Heck received support from both the New York Times Magazine and Comme des Garçons to photograph six pieces from the Fall 2017 collection. Minimal and pure, the colours in Heck’s photographs resonate with the palette of Rei Kawakubo’s clothes. Called Future of Silhouette, the series pushes fashion photography to a new extent. The white face of model Saskia de Brauw appears here and there on a body slightly out of scale, a body of expanded forms. The history of fashion photography attests that the pendulum has always swung between artificial and natural beauty, yet the obsession with a healthy body – one that is slim, unblemished, and young – has remained. Here, the body takes another direction. For the last 40 years, Kawakubo has been questioning fashion; this collection works with raw material – what Kawakubo calls “nonfabrics”. Heck’s photographs push the concept to new limits, creating imagery that goes beyond traditional fashion photography. Meticulously constructed and enhanced with bright colours, blurring the line between the clothes and the background, his images play with this idea of ‘future’ silhouettes.
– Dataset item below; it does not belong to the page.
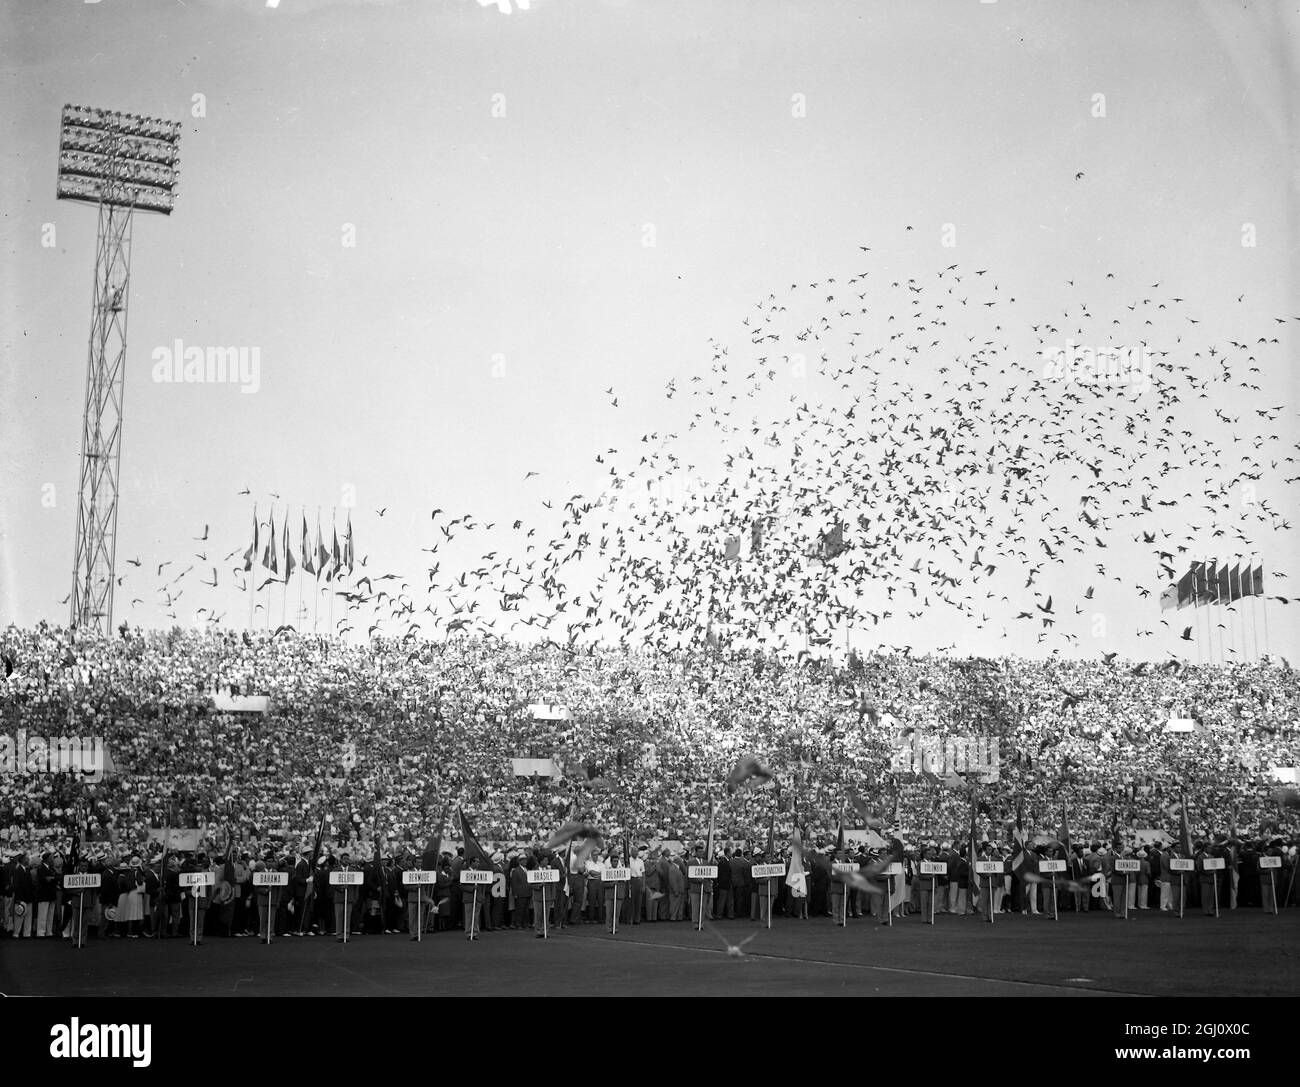 BIRDS TAUBEN VERÖFFENTLICHT ERÖFFNUNGSZEREMONIE DES OLYMPIASTADIONS ENDET AM 25. AUGUST 1960 Stockfoto

Fashion photography is often paradoxical: it is both creative and commercial – produced to order but at the same time generating progressive, experimental, artistic images – whilst representing both haute couture and popular culture. Fashion photography may be regarded as an art form, but it is still an industry that services another (whether high fashion, ready-to-wear, accessories or cosmetics). Photographers, together with fashion designers, produce works which demonstrate that beauty is not a fixed line, but rather one that is in constant flux. Kawakubo also shows how it is an endlessly evolving ideal. This shared obsession with metamorphosis is on vivid display in the photographs Heck created for Comme des Garçons.
Heck collaborates with artists he admires, both in fashion and in art. Kawakubo herself belongs to this group. “When I started researching different brands and their designers – from the most mainstream to the most obscure – I began to see fashion as an art form with its own language, aesthetics and creative possibilities,” he writes in Old Future. He would surely agree that fashion photography is the younger sister of modern art.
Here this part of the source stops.